State Space: The state space is characterised as a combination of historical asset prices and returns. Given the impossibility of capturing a complete state space from the unknown high-dimensional characteristics of financial markets, the state is approximated through observable samples to streamline the state-space representation. Financial markets are partially observable environments. At any time step t, the agent can only observe absolute asset prices, which do not give information about the dynamics of financial markets. Asset returns give the rate of change of asset prices. However, logarithmic returns or log returns are statistically superior to asset prices and simple returns when predicting financial markets. The observation of log returns enables the cross-asset dependencies to be captured because the summation of log returns equivalently leads to the multiplication of gross returns. The products of gross returns are building factors when covariances between assets are computed. Therefore, the observation space is represented by the log returns of assets, given as

$$\begin{array}{cc}\hfill {\overrightarrow{o}}_t& =[{\rho }_{1,t},{\rho }_{2,t},...,{\rho }_{N,t}]\hfill \end{array}$$

(11)

where ${\rho }_{i,t}$ is the logarithmic return of asset i at timestep t.

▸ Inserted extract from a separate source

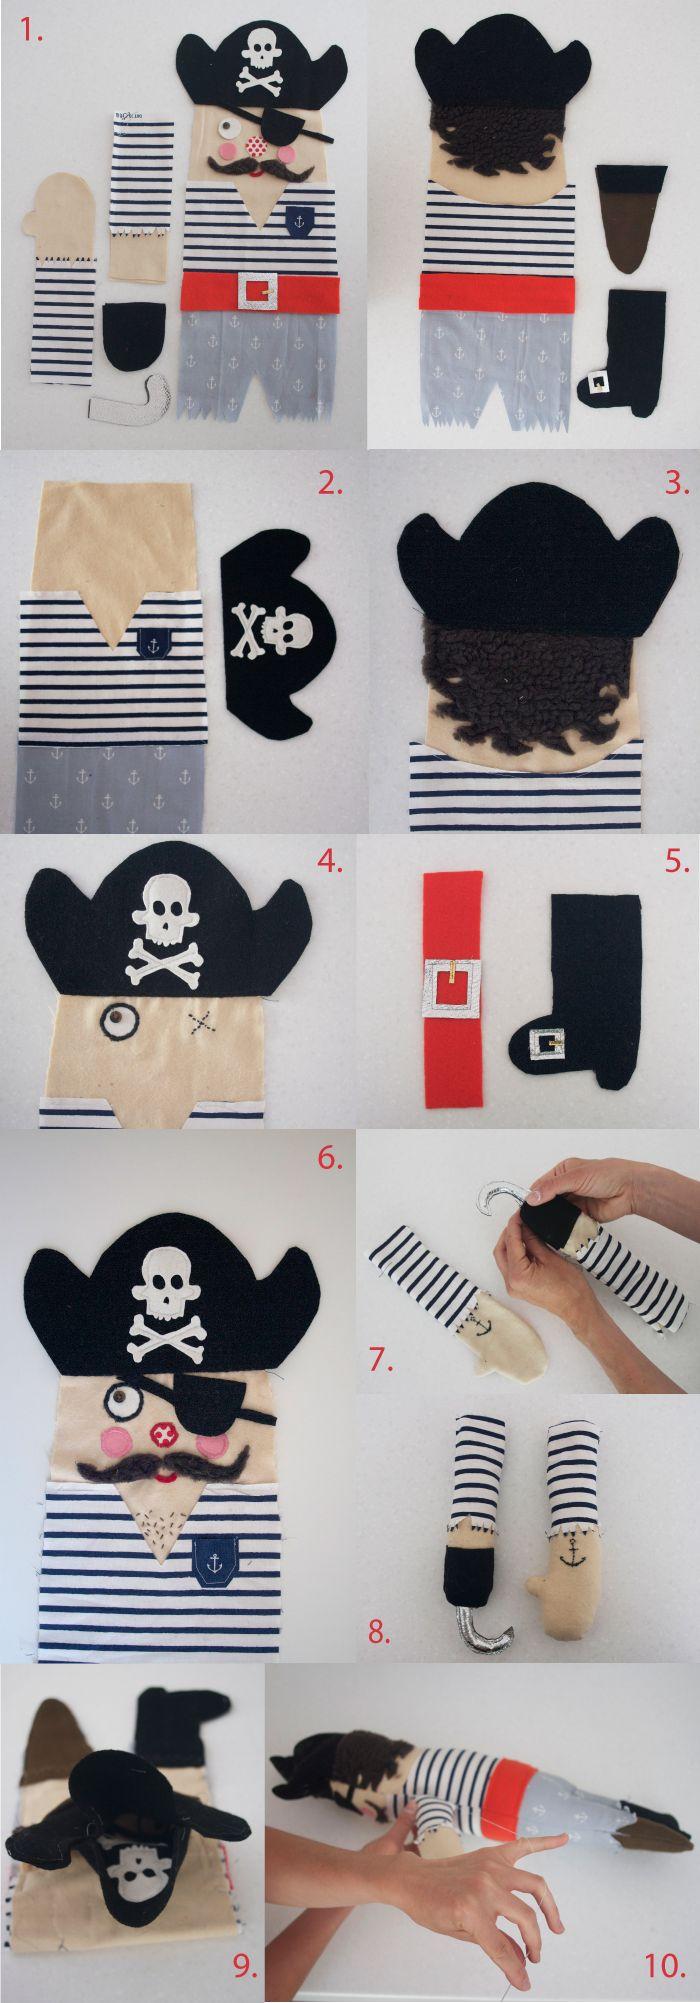 pirate doll tutorial: Dolls Crafts, Diy Pirates, Dolls Tutorials, My Boys, Children Toys, Pirates Dolls, Doll Tutorial, Dolls Patterns, Pirate Dolls

However, one-period logarithmic returns cannot capture the complete state of the financial market.

Consequently, a log returns matrix, ${\overrightarrow{\rho }}_{t-T:t}$, of a shifting window of size T is used. The observation matrix is redefined as

$$\begin{array}{cc}\hfill O_t& \equiv {\overrightarrow{\rho }}_{t-T:t}=\left[\begin{array}{cccc}{\rho }_{1,t-T}& {\rho }_{1,t-T+1}& \dots & {\rho }_{1,t}\\ {\rho }_{2,t-T}& {\rho }_{2,t-T+1}& \dots & {\rho }_{2,t}\\ \dots & \dots & \ddots & \dots \\ {\rho }_{N,t-T}& {\rho }_{N,t-T+1}& \dots & {\rho }_{N,t}\end{array}\right]\hfill \end{array}$$

(12)

The agent must use the observation $O_t$ to infer the underlying state of the environment and to construct an approximation of the actual environment state using an LSTM network. LSTMs are less computationally expensive as compared to complete history, since LSTMs are able to efficiently process historic observations in an adaptive manner, store information over a long timespan, and forget information that is no longer useful. The representative state of the environment is then defined as

$$\begin{array}{c}\hfill {\widehat{\overrightarrow{s}}}_t=f({\widehat{\overrightarrow{s}}}_{t-1},O_t;\overrightarrow{\theta })\end{array}$$

(13)

where $f(·)$ represents an LSTM layer which is a part of the policy network and thus, $\overrightarrow{\theta }$ is a policy parameter.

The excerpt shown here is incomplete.